Look for the string "silver" in the listing below, then copy every line that has it.
● ● ●
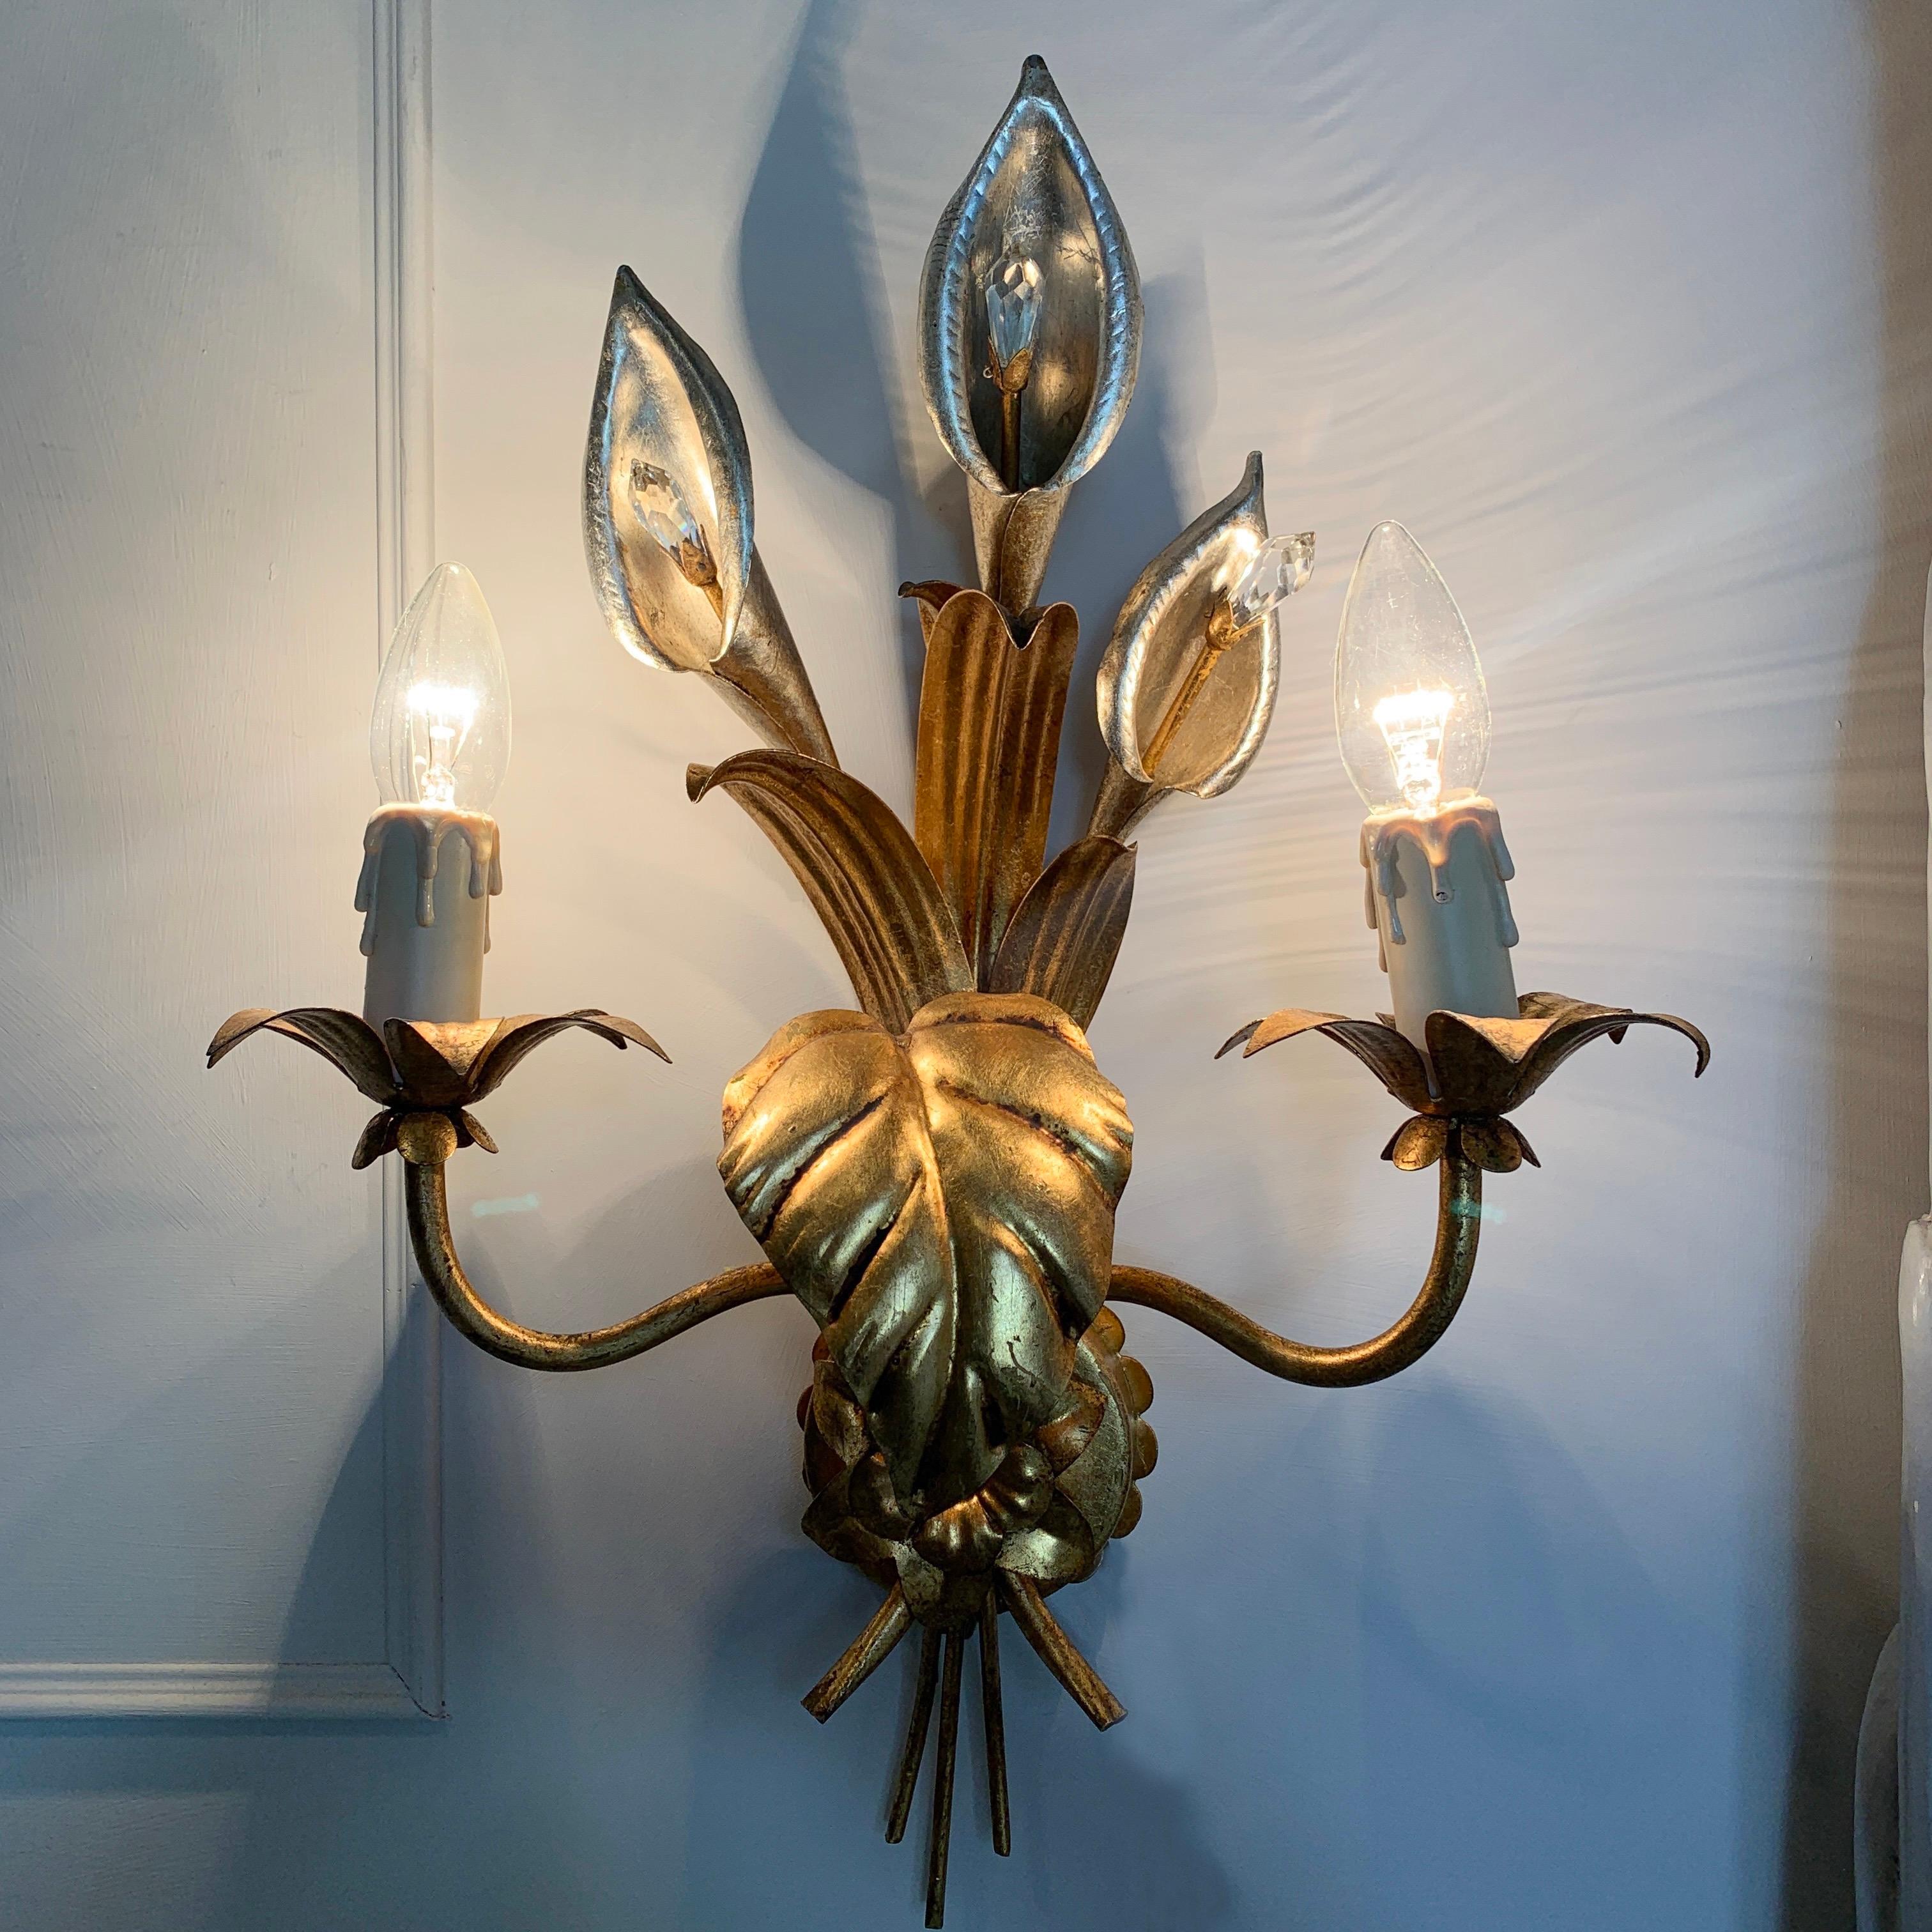 Pair of Hans Kögl calla lily wall sconces, c 1970's
Stunning silver and gilt calla lily flower design

Each silver calla lily has a central faceted Swarovski crystal stamen
There are 2 bulb holders with faux candle covers

Large and slim calla
● ● ●
▸ Exercise result
Stunning silver and gilt calla lily flower design
Each silver calla lily has a central faceted Swarovski crystal stamen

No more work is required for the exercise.